As they went up the porch stairs together, Gail paused, glimpsing the place in the concrete walkway where they’d each pressed their hands, side by side, into smooth, wet cement. Such a long time ago.
“Clear yourself a spot,” Laura instructed as she set the kettle to boil. Gail shifted oily work gloves and farm magazines to another chair, ignoring the layers of dust and cat hair, the sticky spots on the table. Frowning, Laura examined the contents of a cookie tin and tipped it into the trash. She rinsed two stained teacups in the sink.

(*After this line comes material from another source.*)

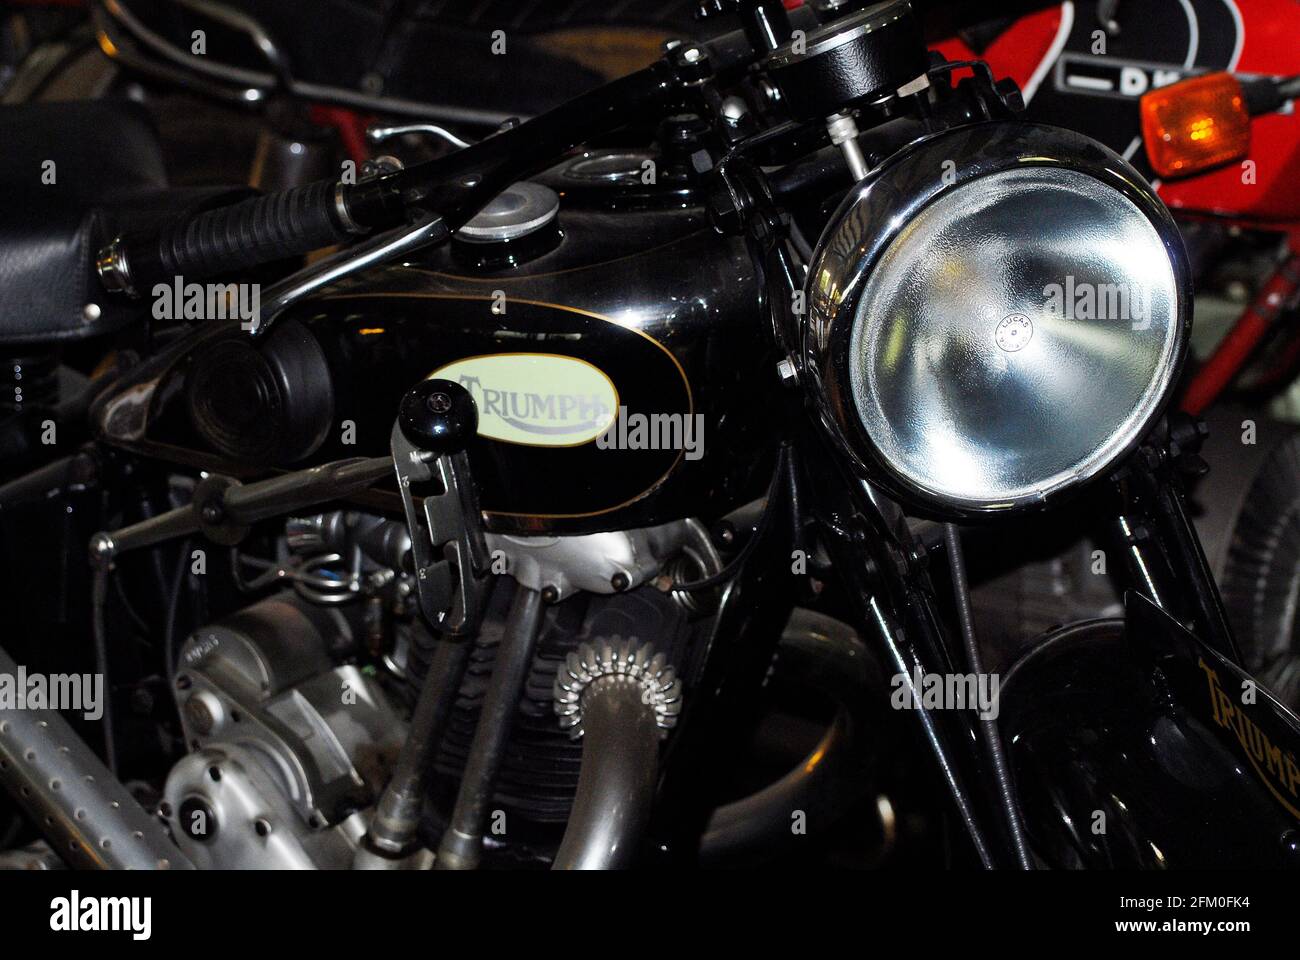 DREAM BIKES, Triumph Bike, Panini Museum, Modena, Italy Stock Photo - Alamy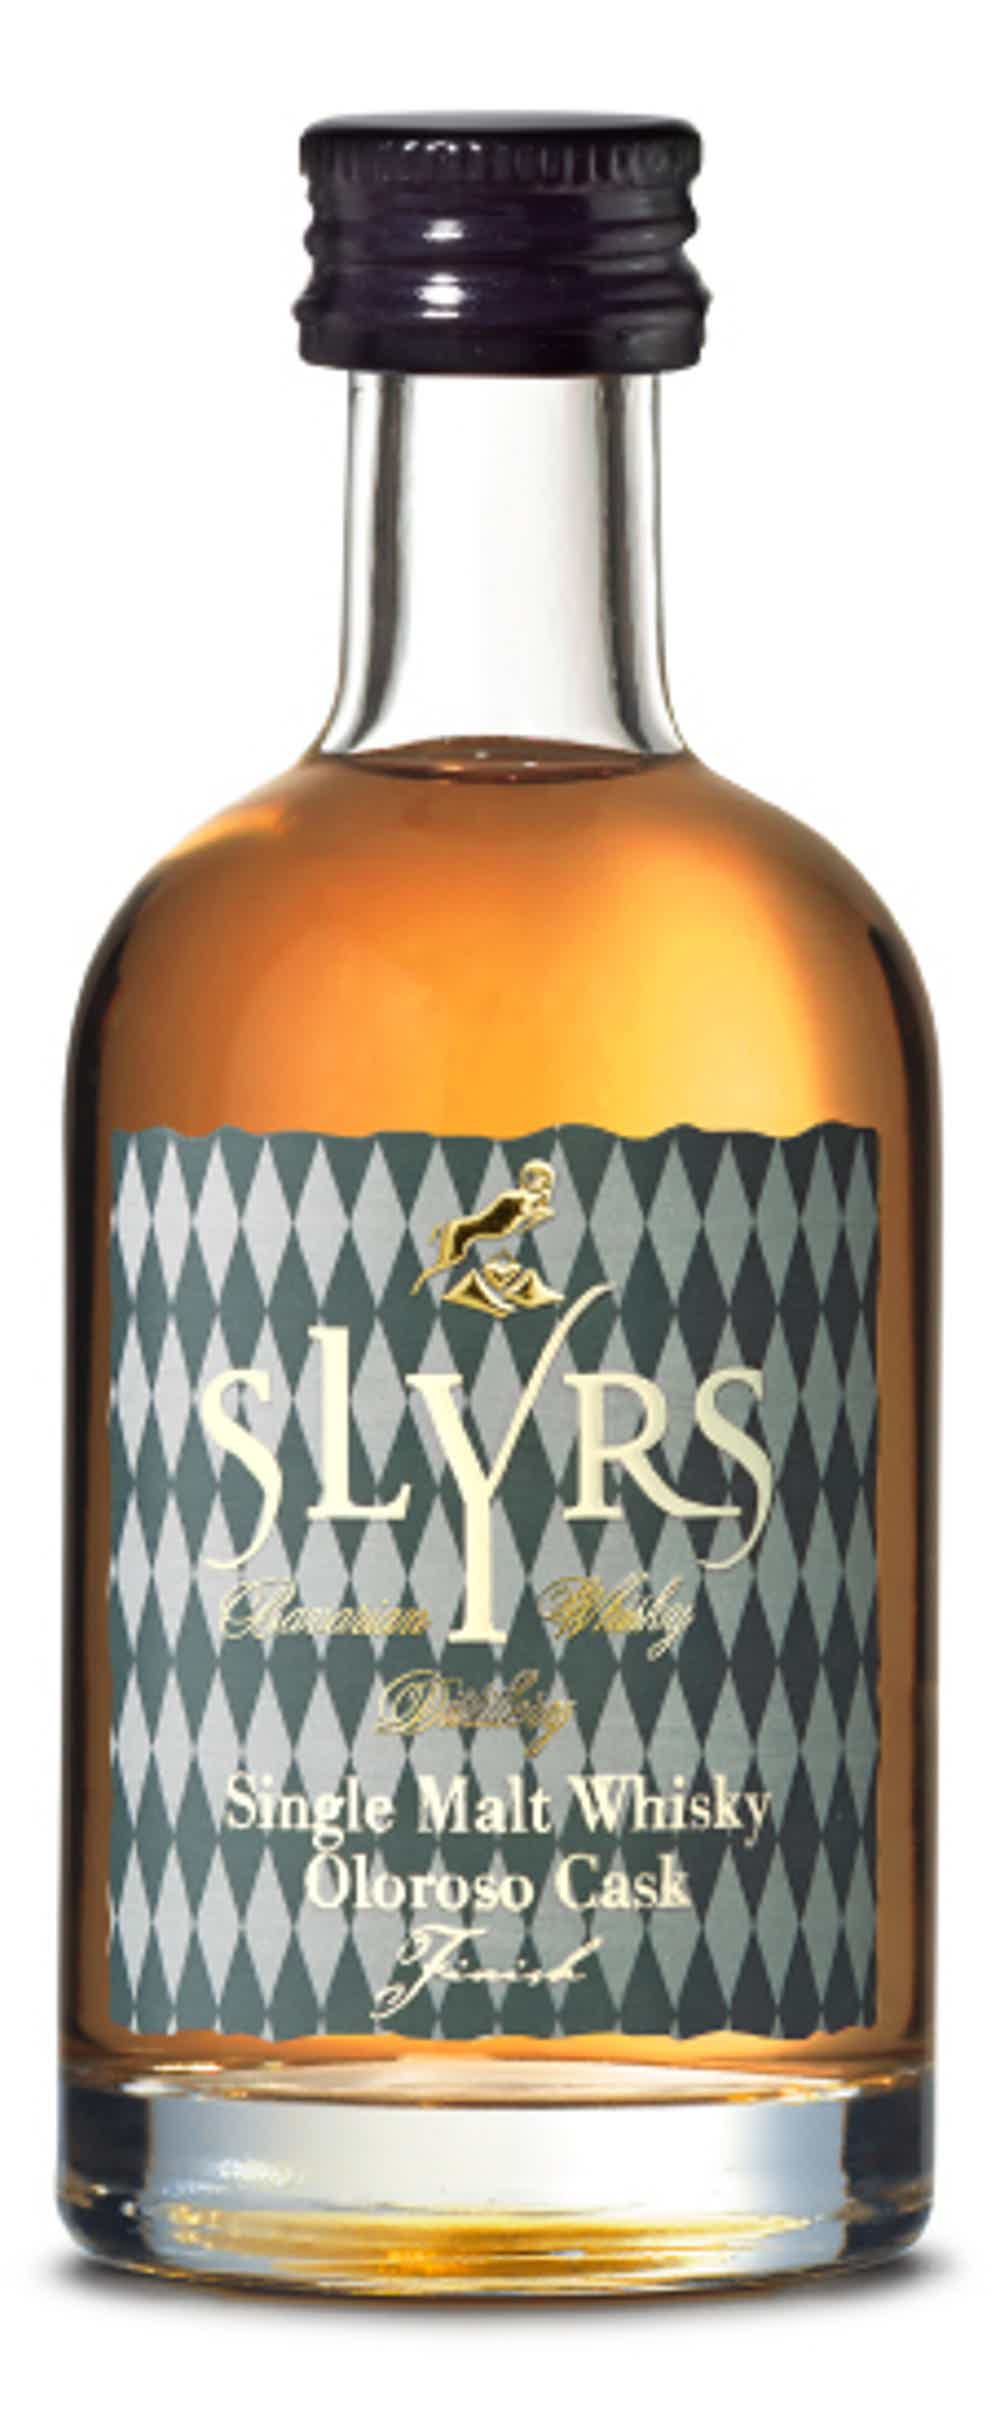 SLYRS Single Malt Whisky Oloroso Cask Finish 46% vol. 46.0% 0.05L, Spirits

“Still working at the store?” she asked.
“Yes, keeping books.”
“You’ve been there . . . how long?”
“Since Brian started kindergarten. He’s 22 now. In college.”
“Oh,” Laura said flatly. “That’s nice.” She set the teapot on the table. There was a chip on the spout, and Gail looked away. And saw the flyspecked window, faded curtains, worn linoleum, and grimy woodwork. She cleared her throat.
“It’s been . . .”
“. . .a long time.”
“We were young and foolish. Cruel.”
“We’re not kids anymore.”
“I should hope not.” Laura stirred the tea, and the hot liquid dribbled over the wounded china as she poured. “Sugar? I don’t have any cream.”
“No sugar. Black is fine.”
The ancient yellowed refrigerator muttered while they drank.
“Did you ever . . .?”
“How is . . .?”
They laughed, then, nervously and clumsily, as if wandering along paths grown over, foreign and unfamiliar.
“I really am sorry,” Gail attempted again.
“I know. Me, too.”
“Life is short.” Gail glanced at Laura’s lopsided shirt front again. And wondered who Laura might have claimed as Next of Kin on the hospital forms. Probably not me. She winced.
“Very short.” Laura whispered.
Maybe there was still time to unravel the tangle they’d allowed, pruning and cutting away, down to the quick, discarding the aged debris.
“I must go. Thanks for tea.”
In the yard, the fire had consumed itself, leaving a ring of damp leaves around an ashen heart.
“Come again.” Laura’s voice was fringed with longing.
“I will. It’s been . . .”
“. . .far too long.”
“Yes. Well, I’m off.”
She backed down the lane, then, intent on keeping the car straight, yet reluctant to slip her eyes away from Laura’s frail and fading figure.